YOUR ASSIGNMENT: Copy out the listing that follows, exact in every word, and skip the images.

AVAILABLE DATA:
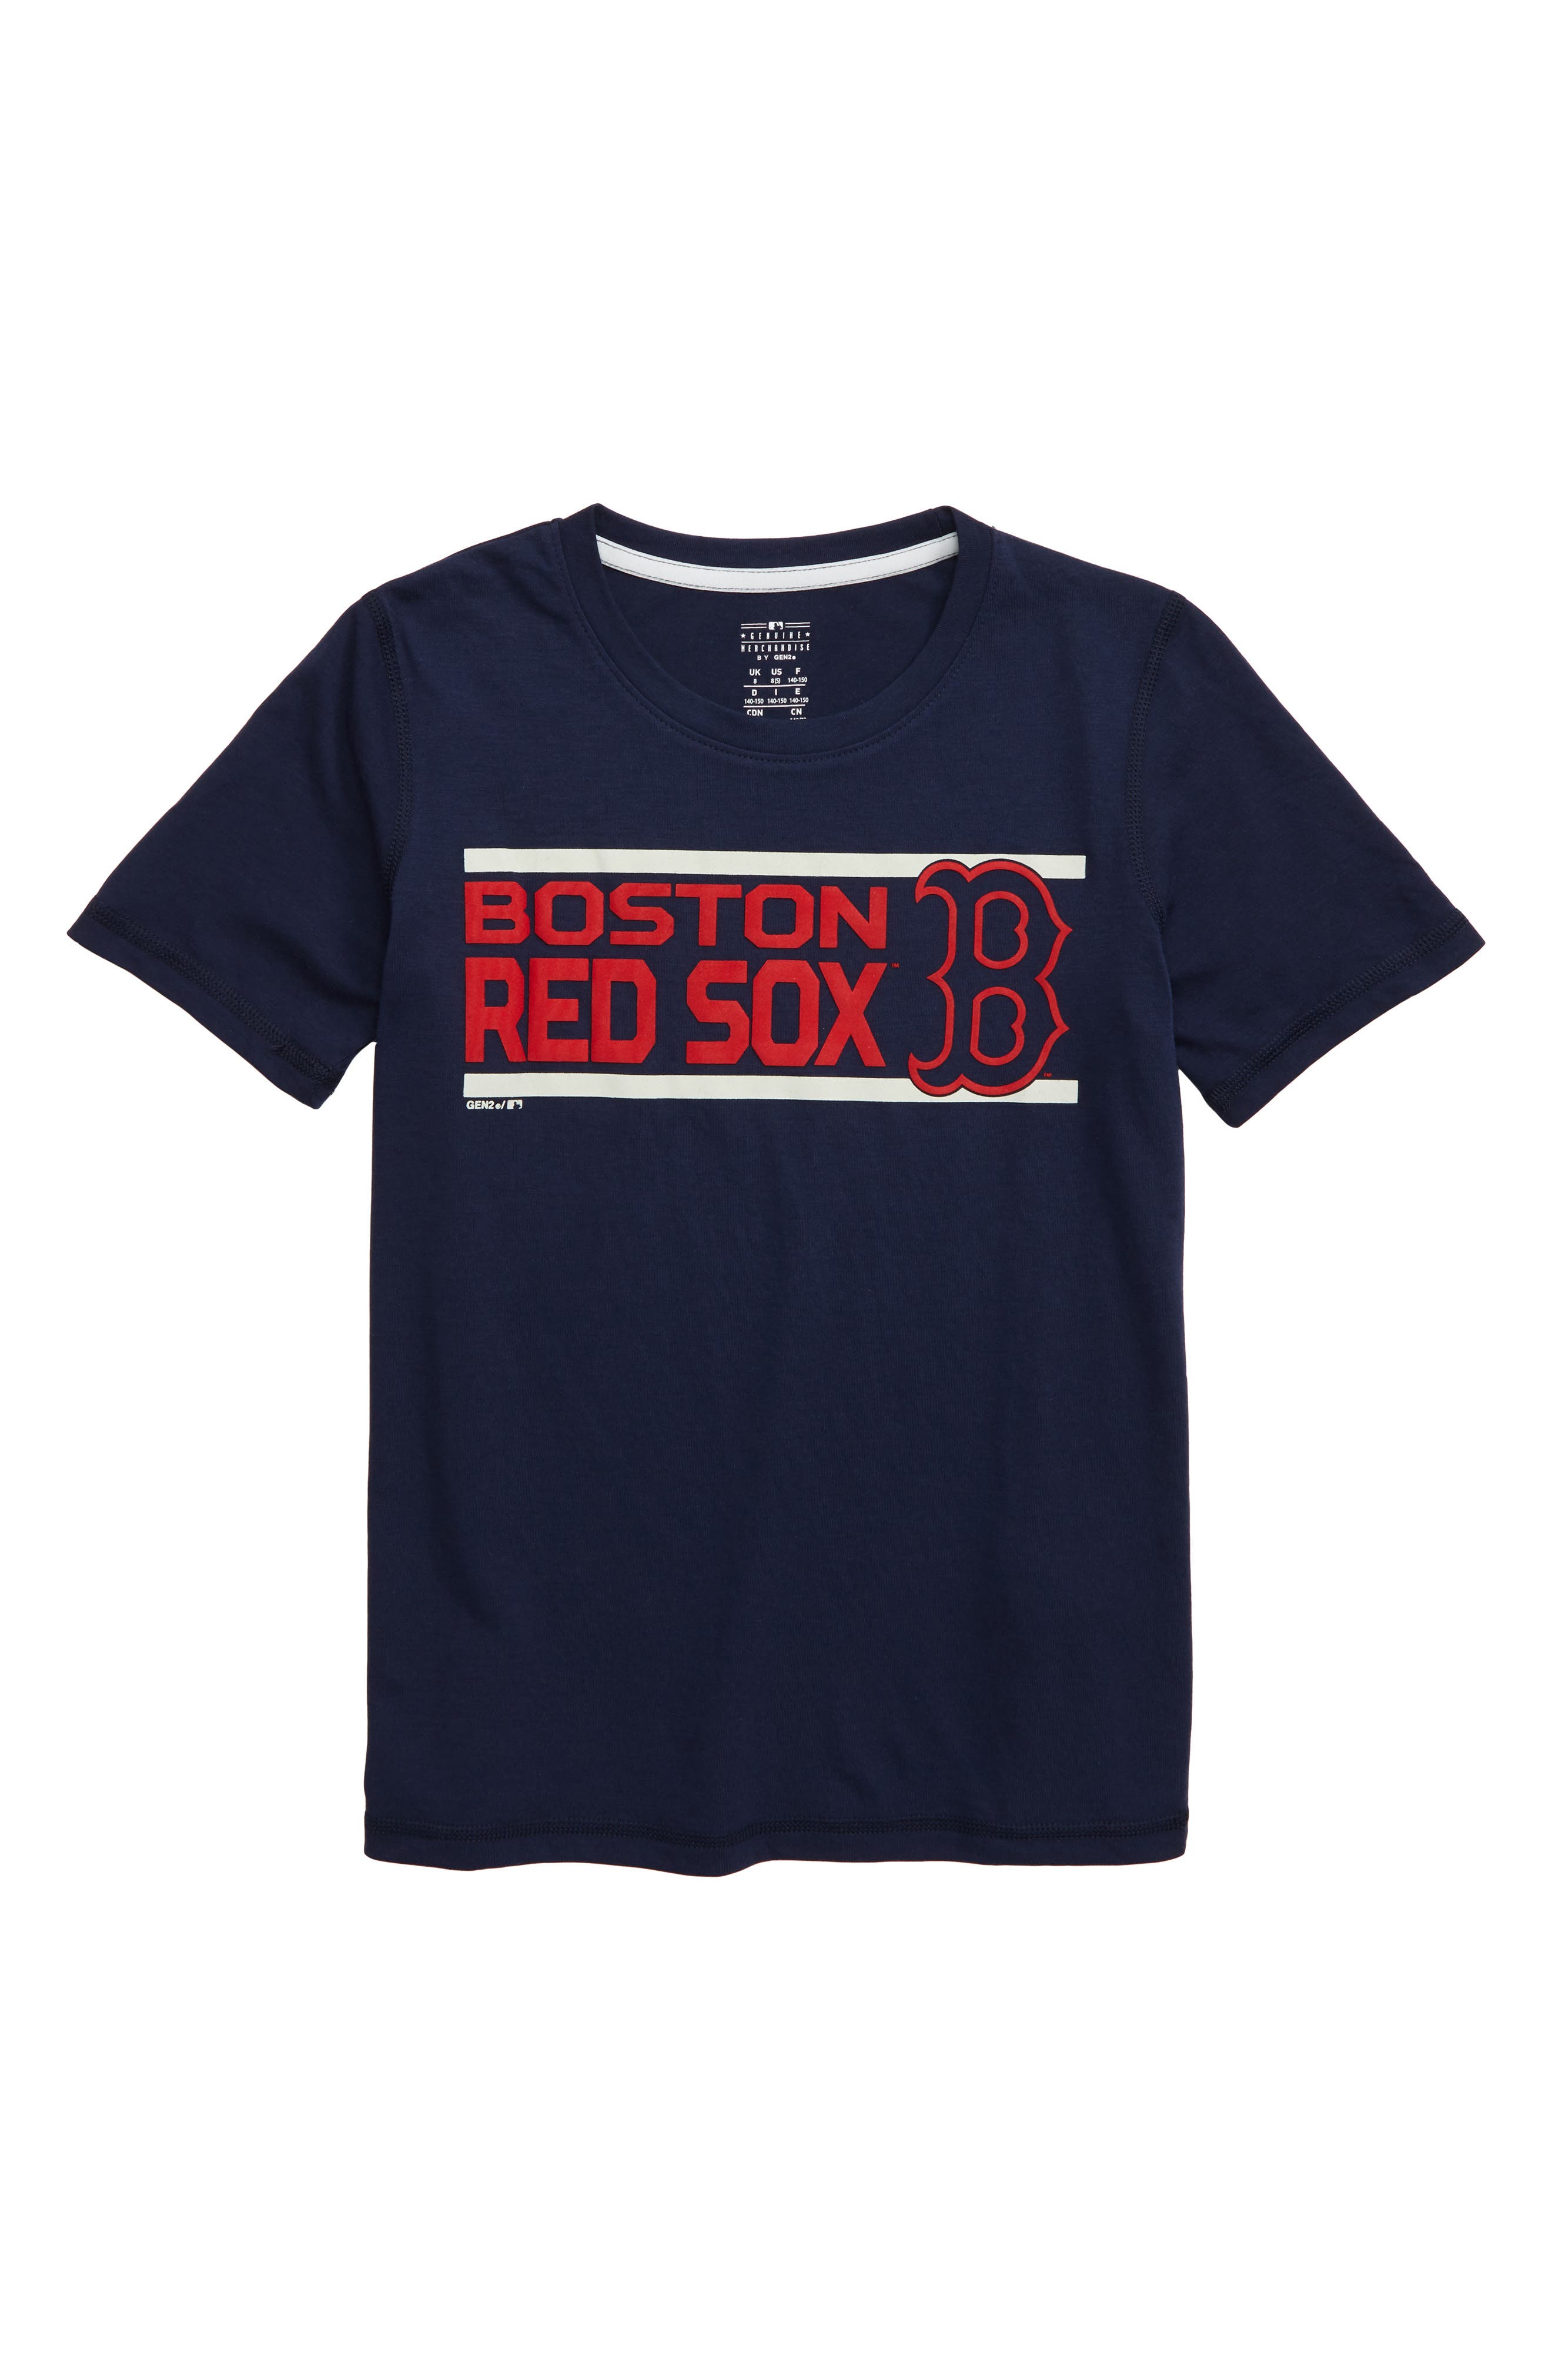 majestic red sox t shirts
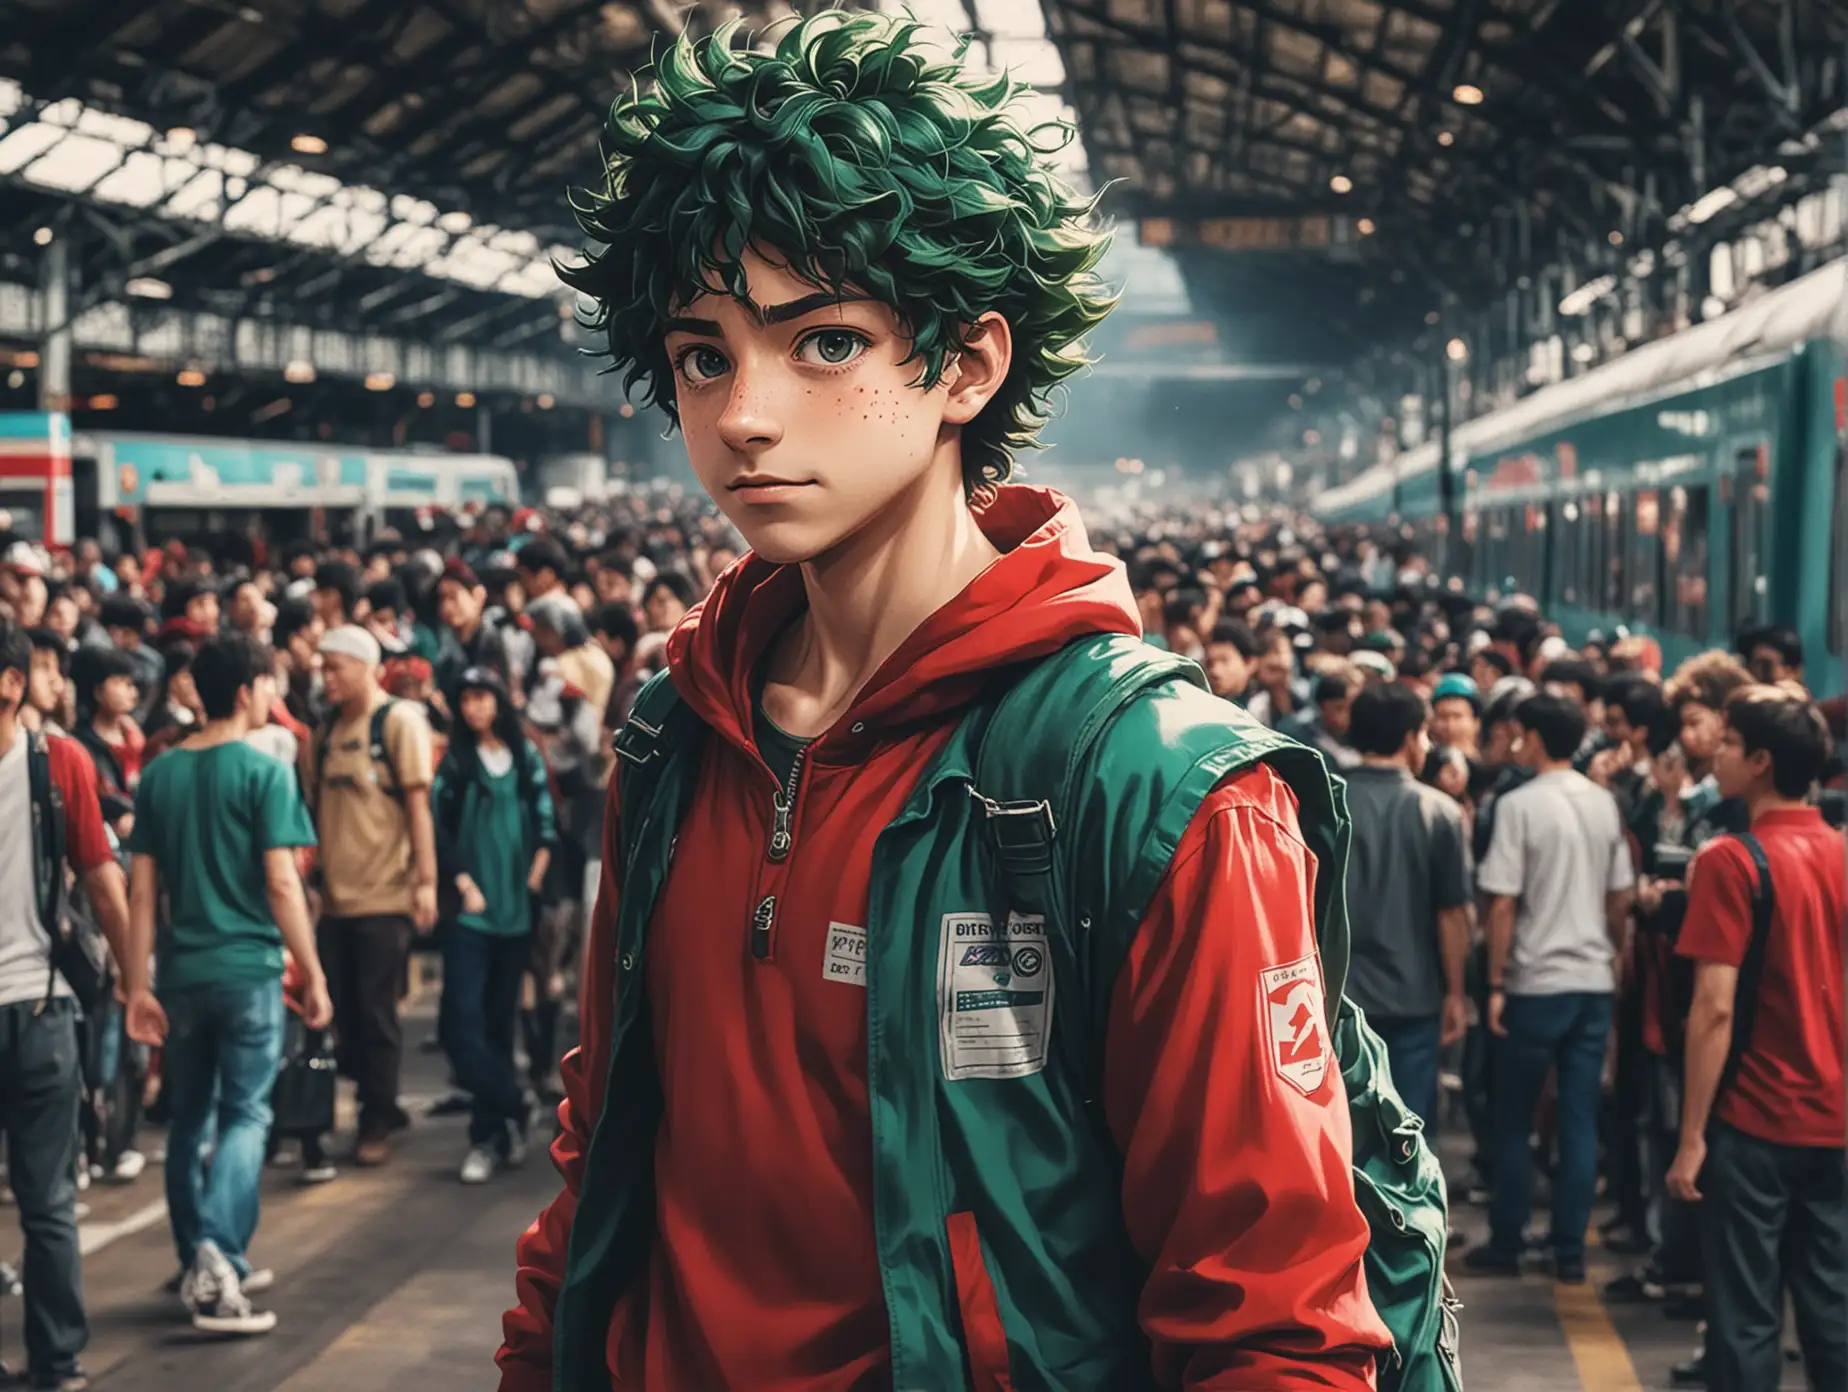 man in red in middle, looks like Izuku Midoriya, is on train station, amoung the crowd, in the background, and prepare to enter in the train, in anime style
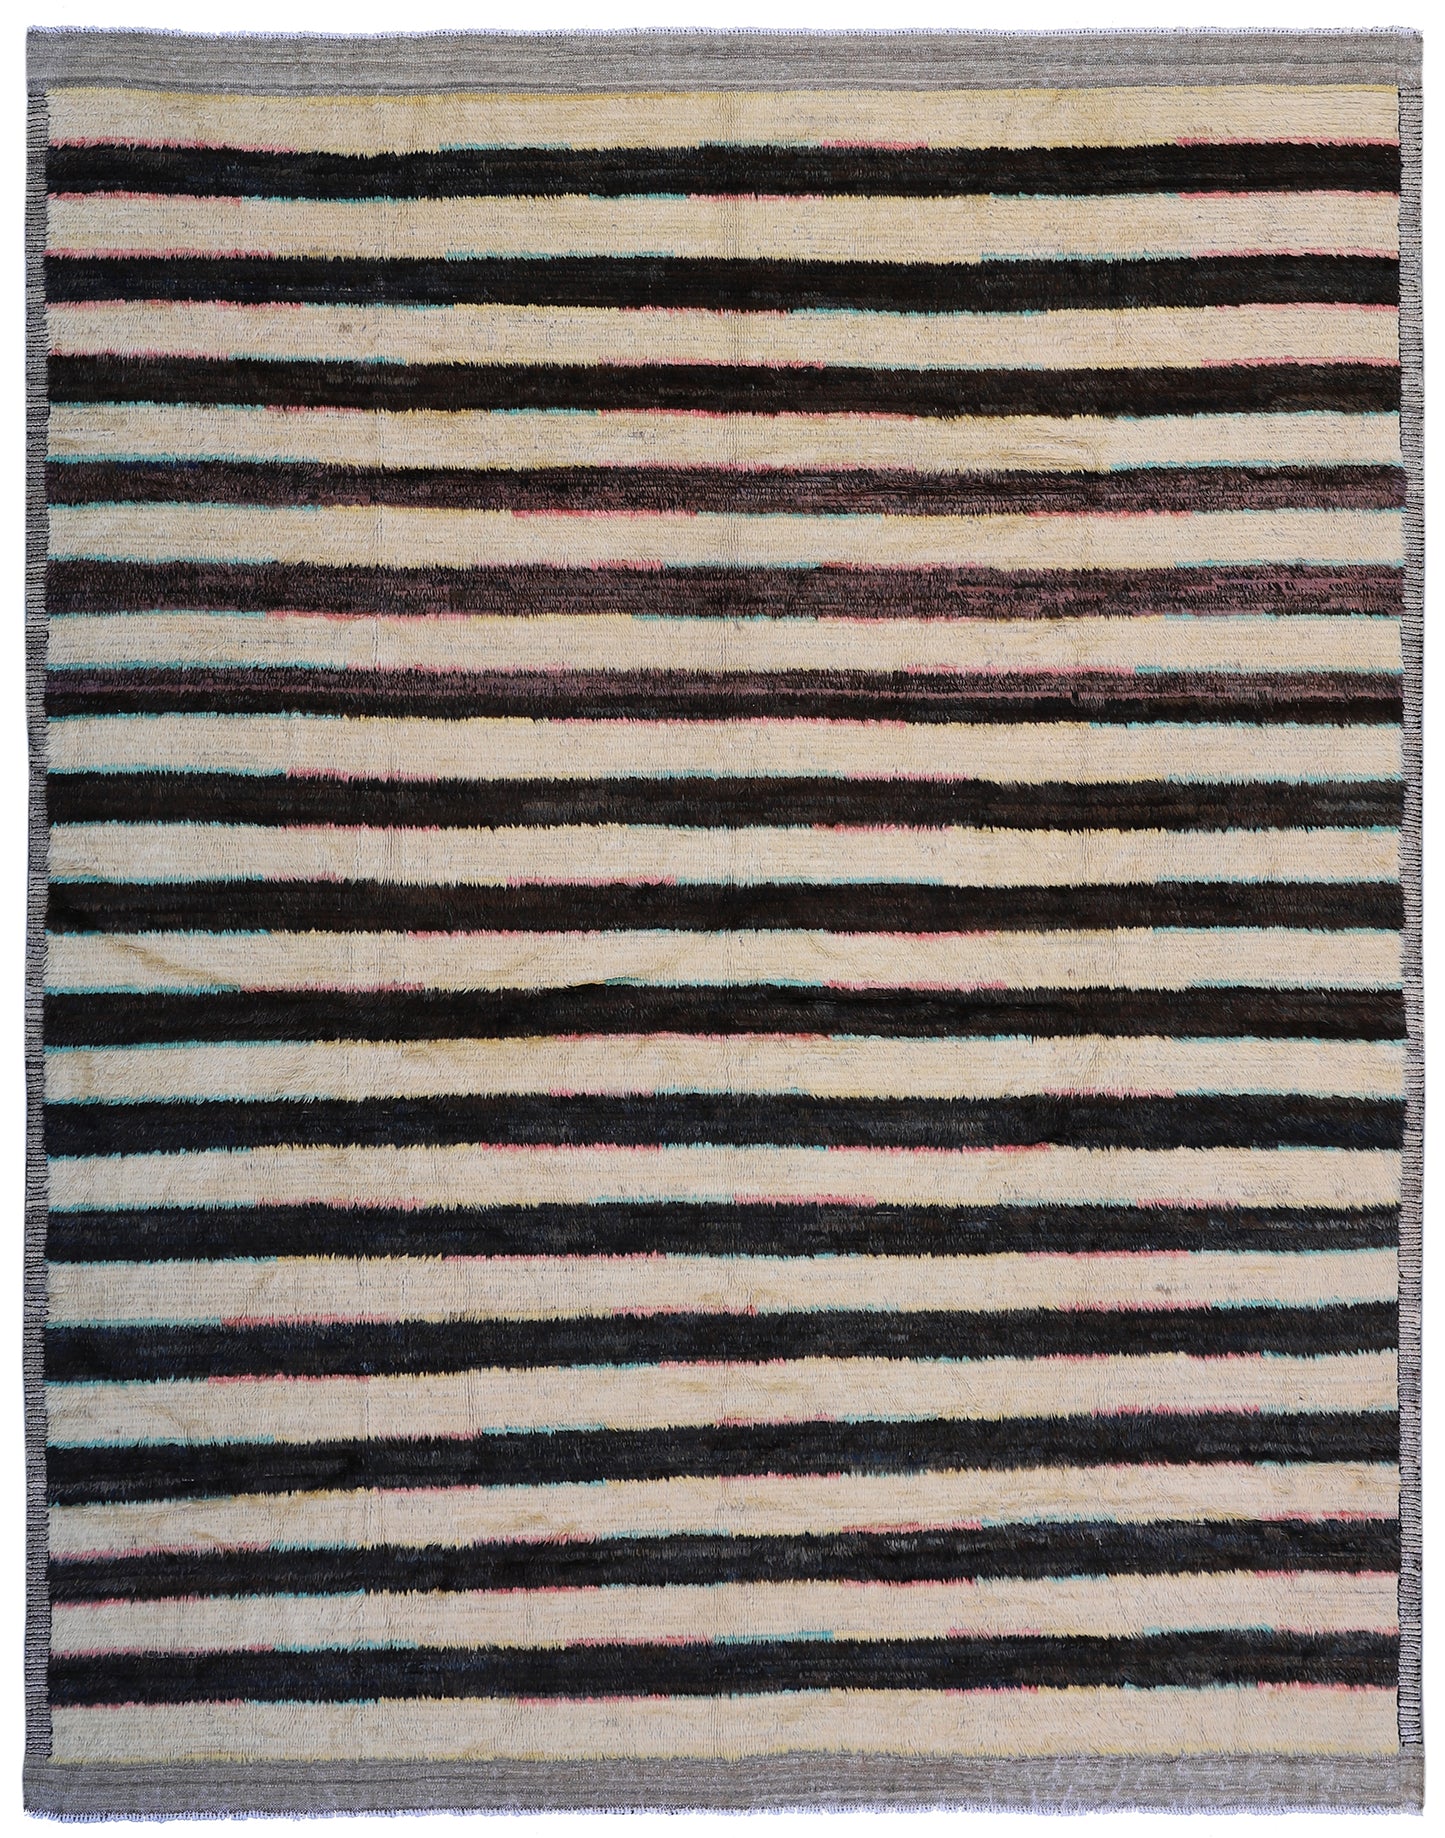 11'x9' Ariana Moroccan Style Striped Barchi Rug

FINAL ANSWER:
 majestic red sox t shirts
 man in red in middle, looks like Izuku Midoriya, is on train station, amoung the crowd, in the background, and prepare to enter in the train, in anime style
 11'x9' Ariana Moroccan Style Striped Barchi Rug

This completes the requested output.